____ PROVIDED DATA

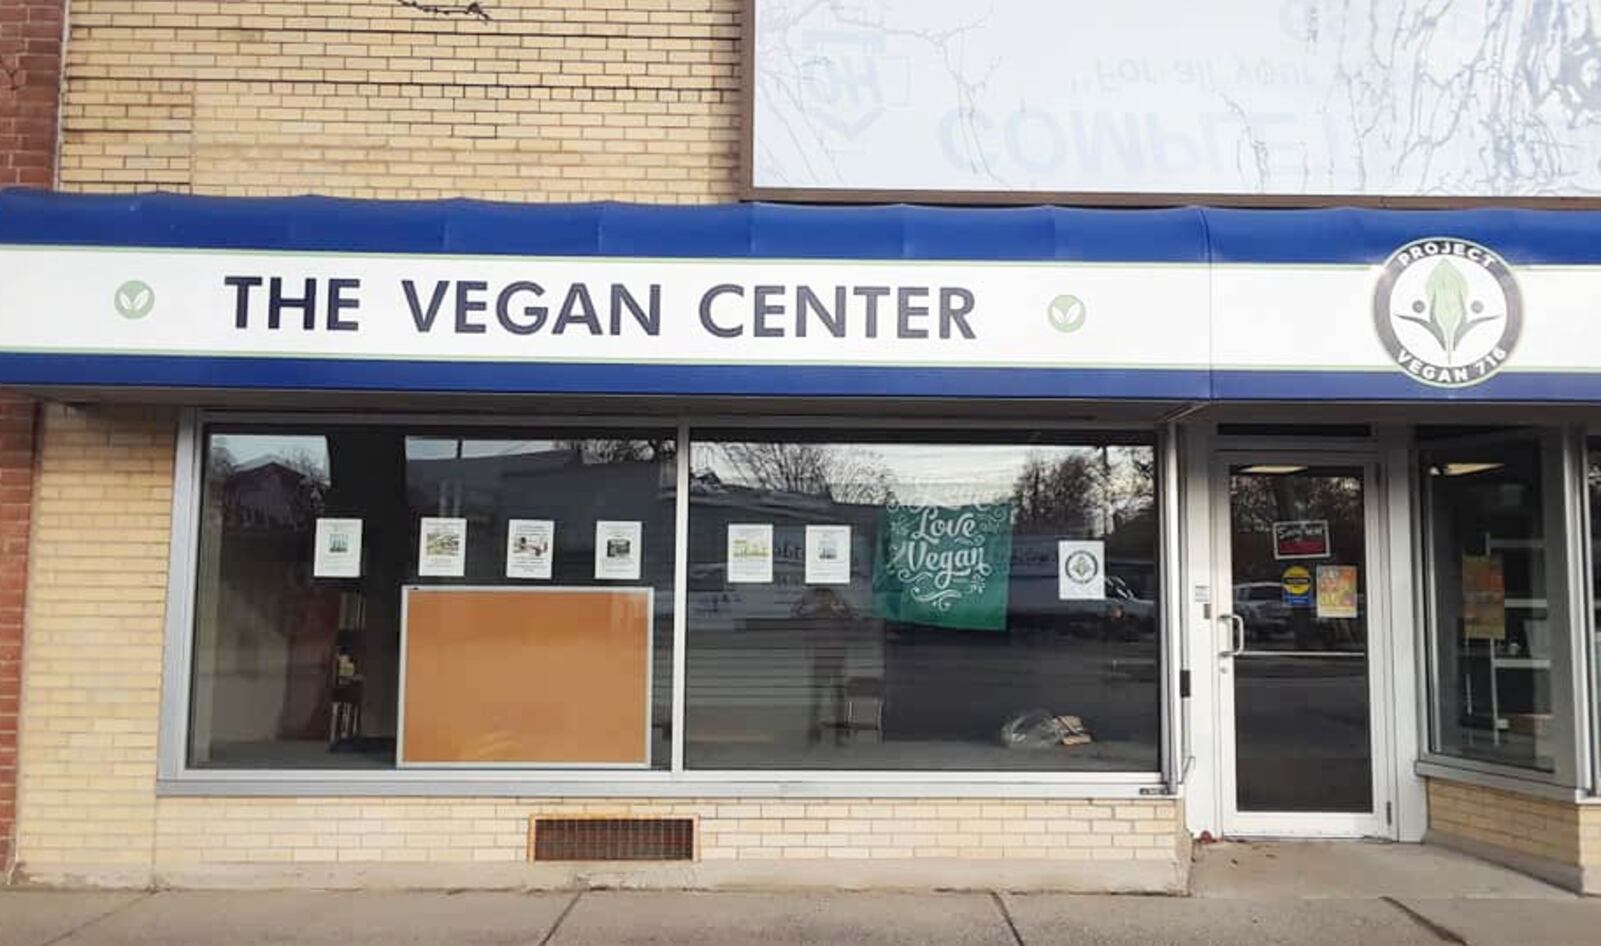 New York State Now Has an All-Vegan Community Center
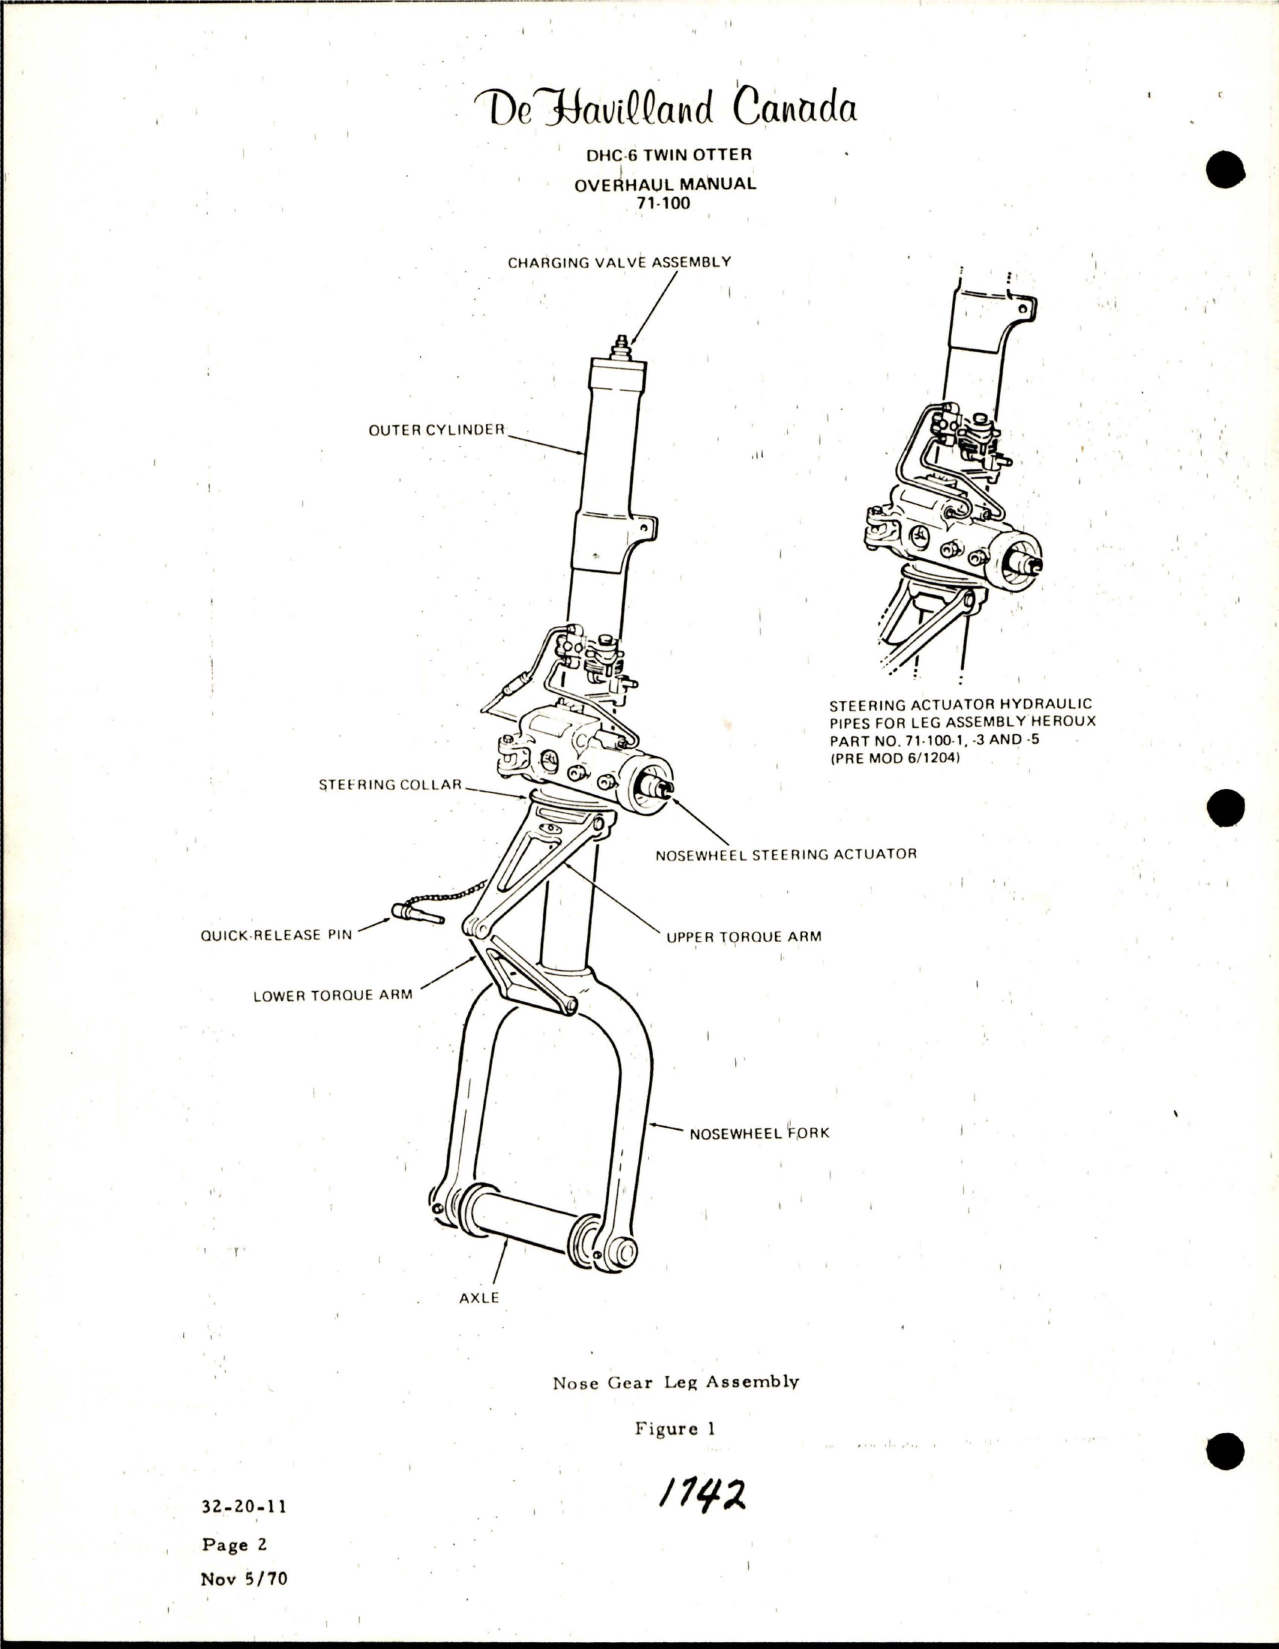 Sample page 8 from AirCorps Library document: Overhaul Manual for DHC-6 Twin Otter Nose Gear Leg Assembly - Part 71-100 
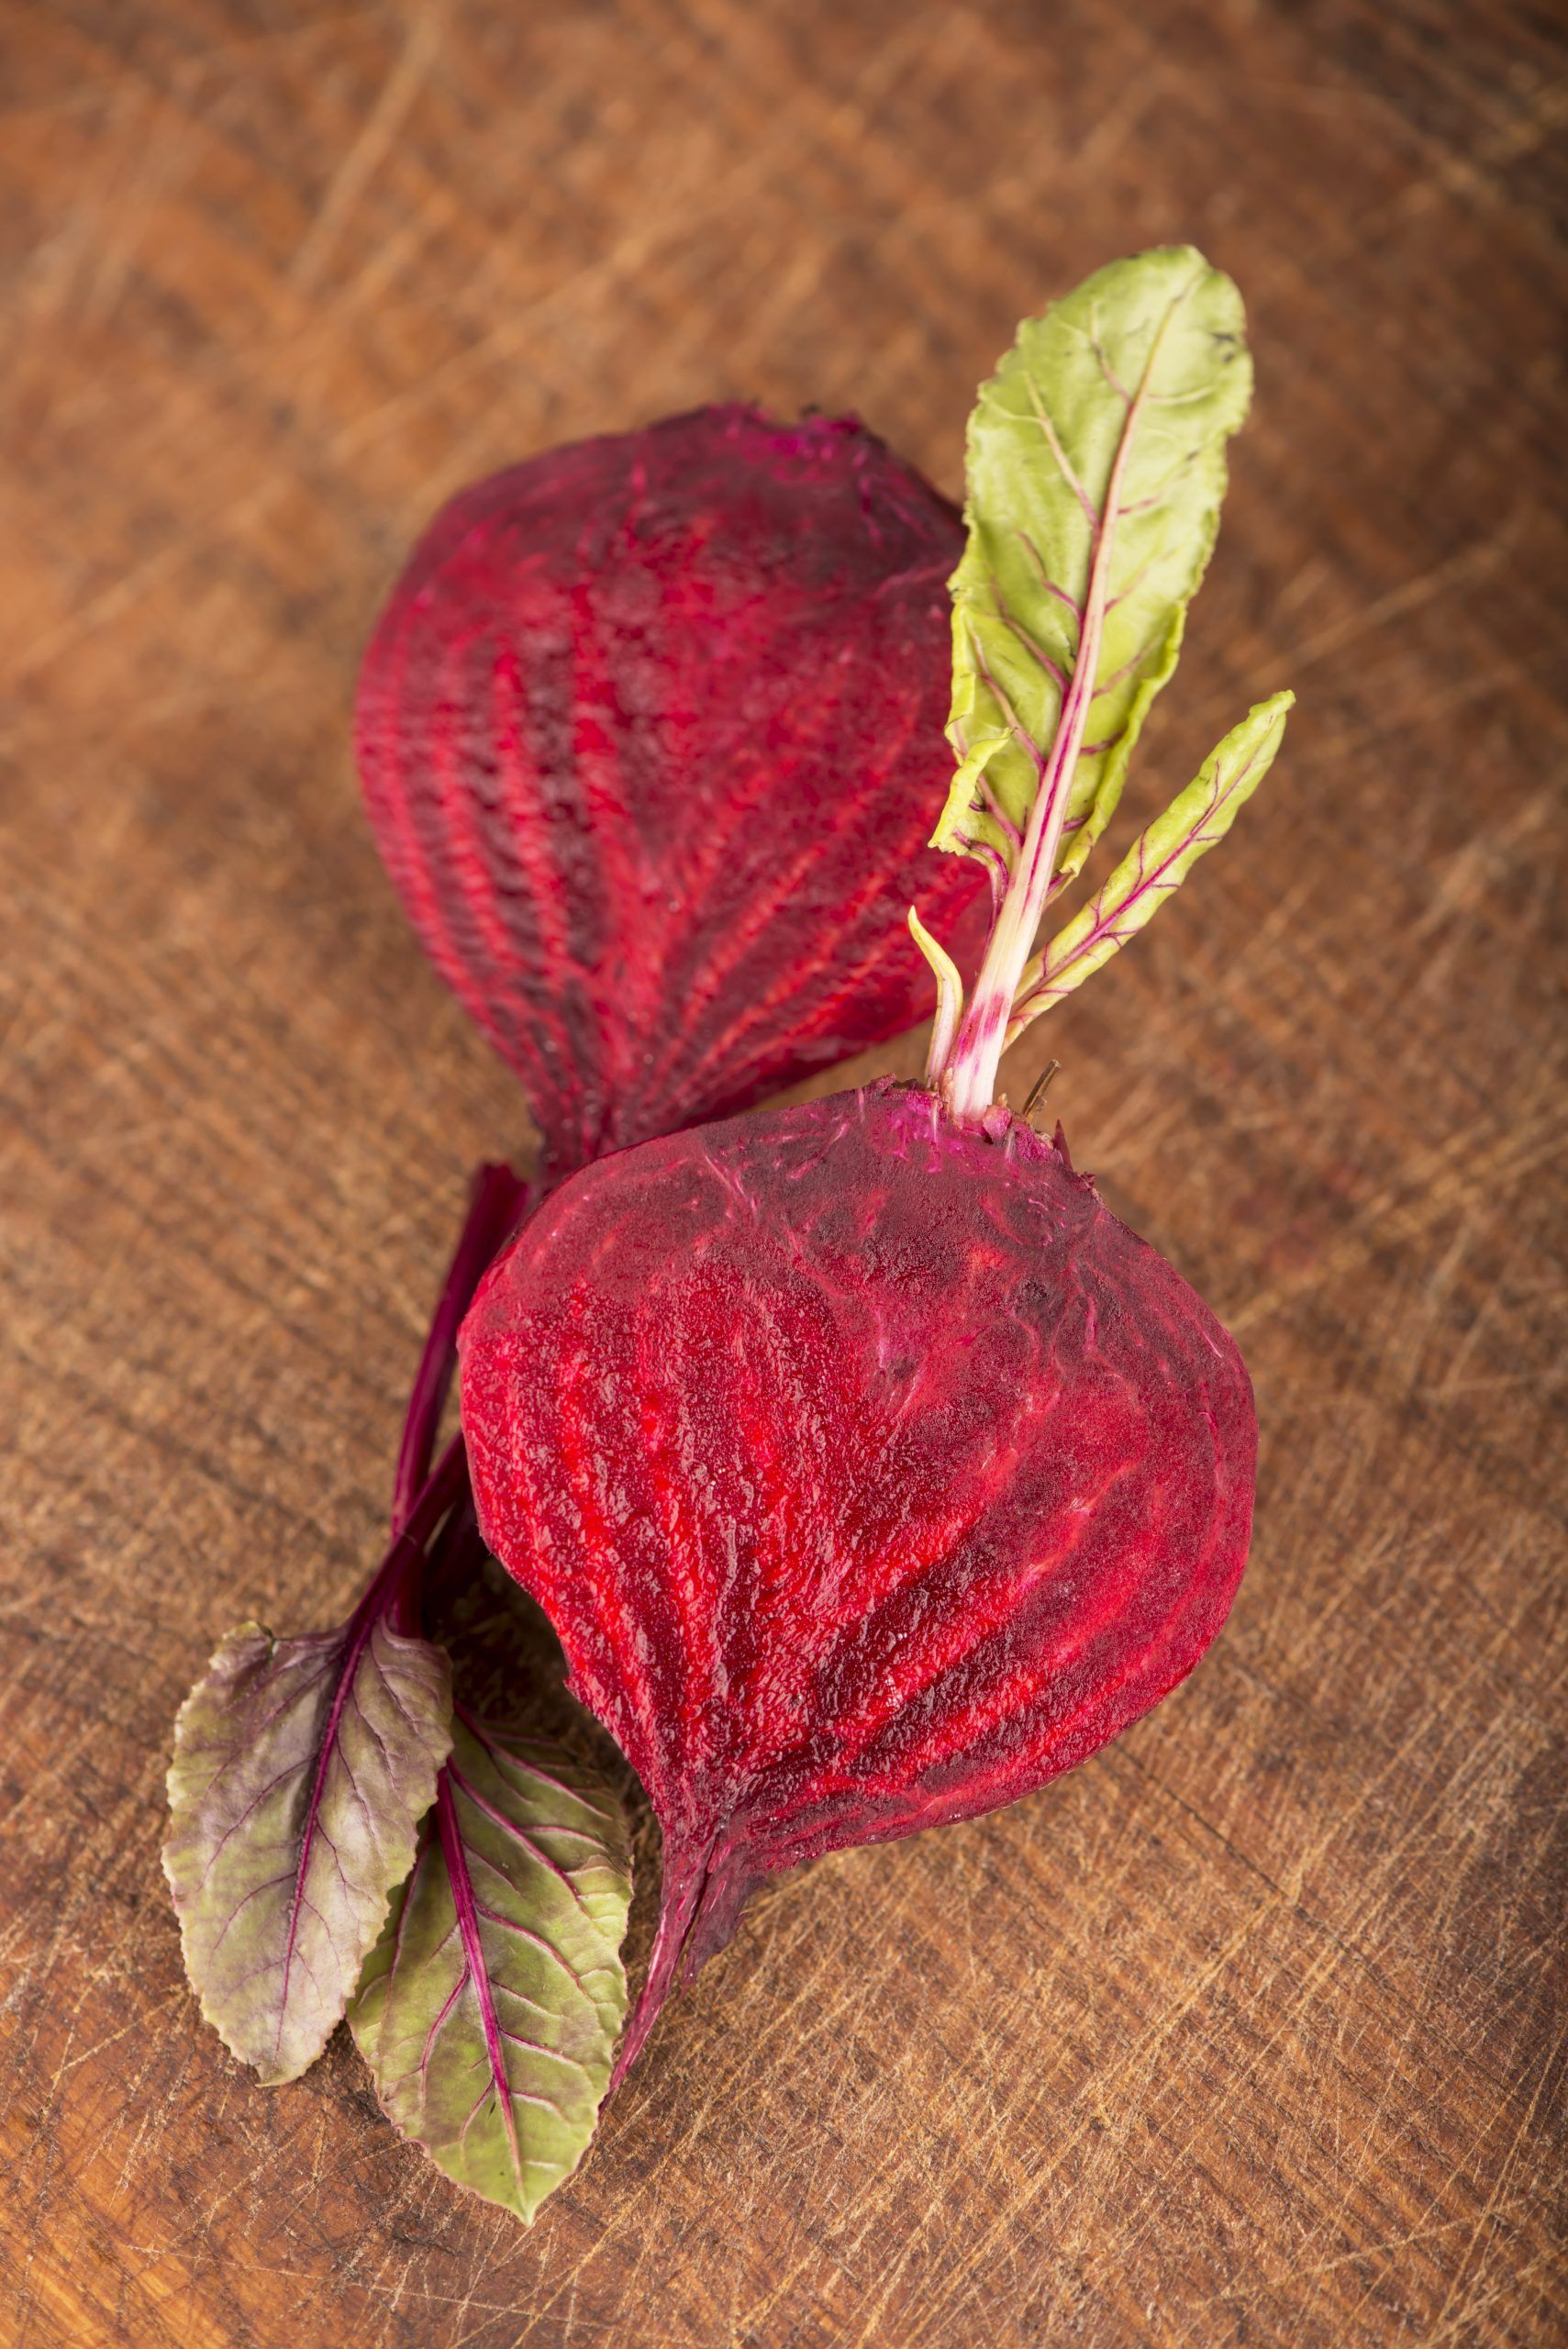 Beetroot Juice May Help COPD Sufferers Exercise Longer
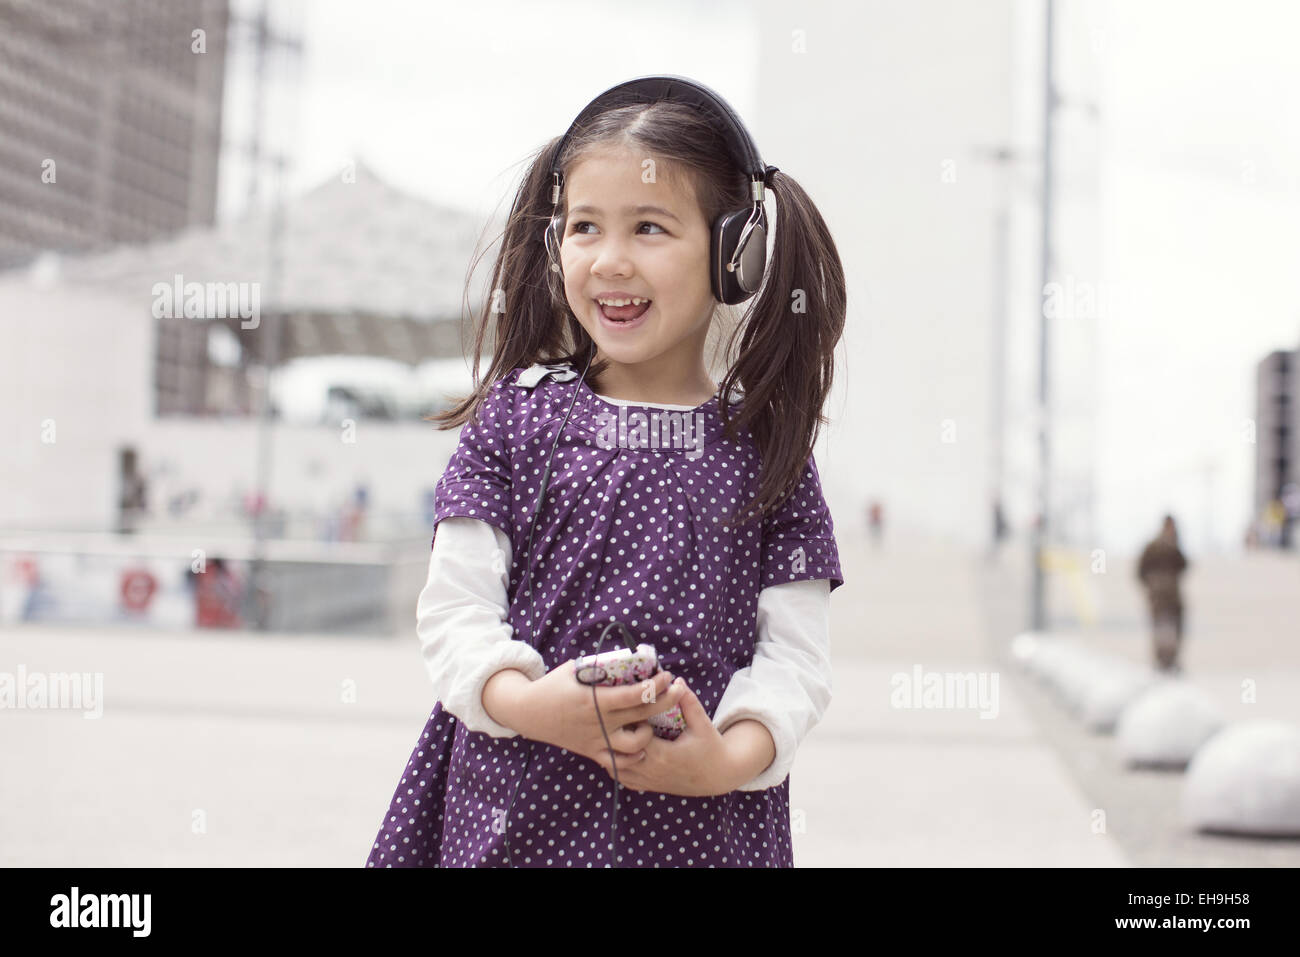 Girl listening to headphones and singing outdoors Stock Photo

________

WHAT YOU NEED TO DO: Write out the listing again word for word, but without its pictures.

PROBLEM SOLUTION:
 New York State Now Has an All-Vegan Community Center
 Sample page 8 from AirCorps Library document: Overhaul Manual for DHC-6 Twin Otter Nose Gear Leg Assembly - Part 71-100 
 Beetroot Juice May Help COPD Sufferers Exercise Longer
 Girl listening to headphones and singing outdoors Stock Photo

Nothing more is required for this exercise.